------ Extracted information ------

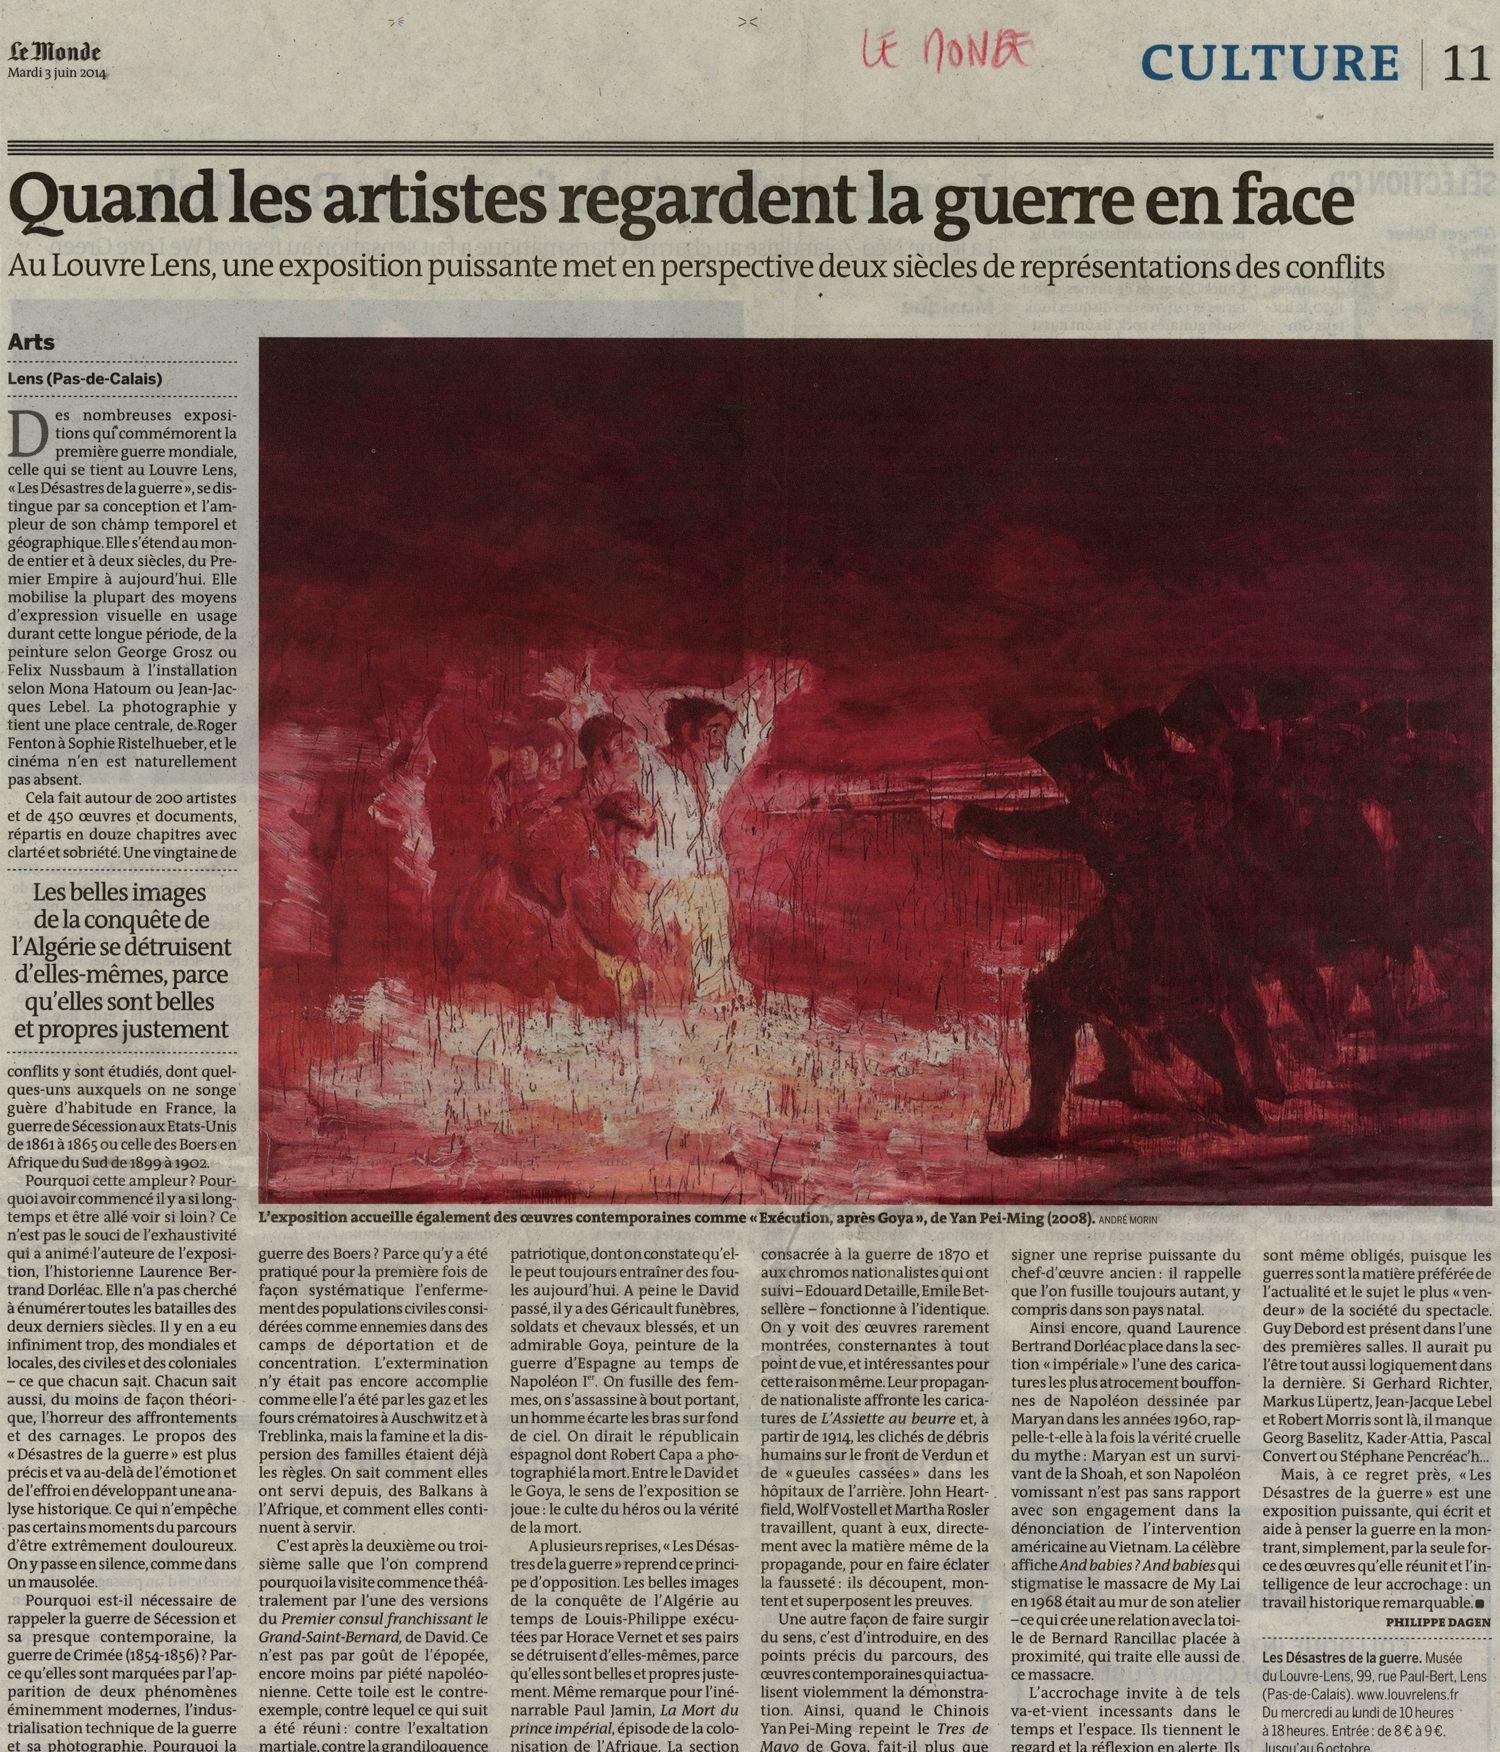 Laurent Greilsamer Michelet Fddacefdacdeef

------
------ Extracted information ------

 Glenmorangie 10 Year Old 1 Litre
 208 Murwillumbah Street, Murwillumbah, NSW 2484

------
------ Extracted information ------

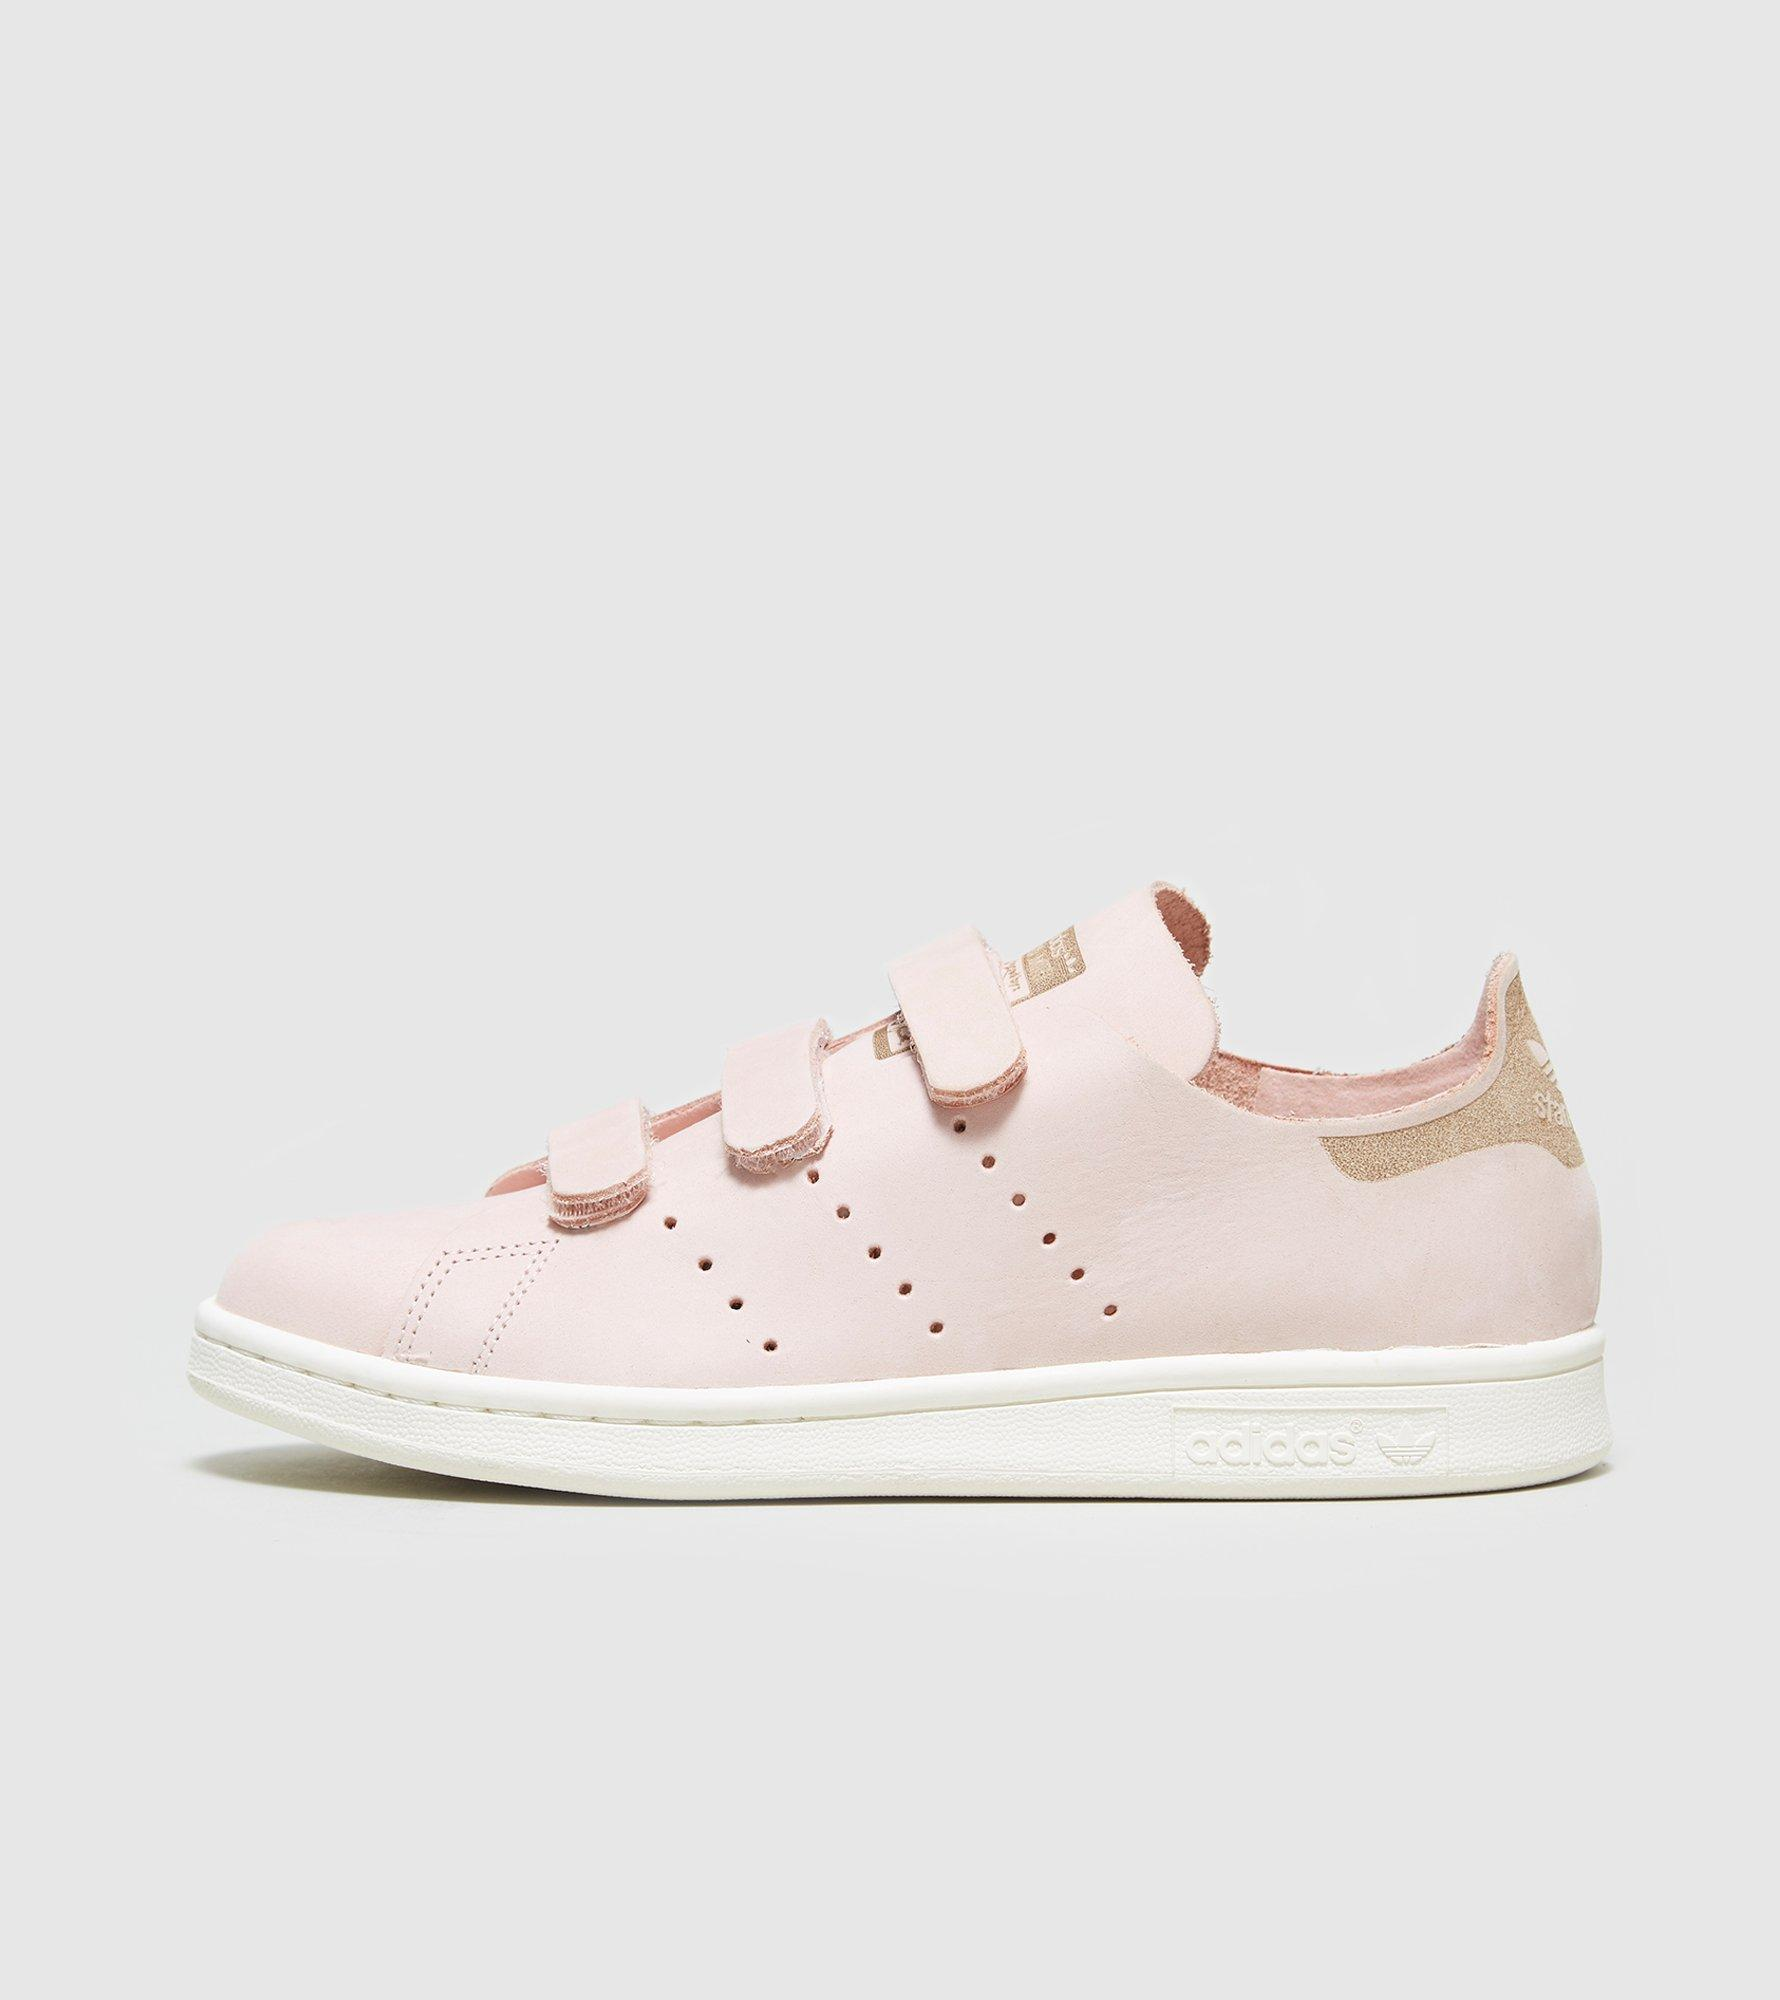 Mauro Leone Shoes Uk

------

Reproduce exactly, and with no other material, the lines between those holding "Glenmorangie 10 Year Old 1 Litre" and "208 Murwillumbah Street, Murwillumbah, NSW", inclusive.

Answer section –
 Glenmorangie 10 Year Old 1 Litre
 208 Murwillumbah Street, Murwillumbah, NSW 2484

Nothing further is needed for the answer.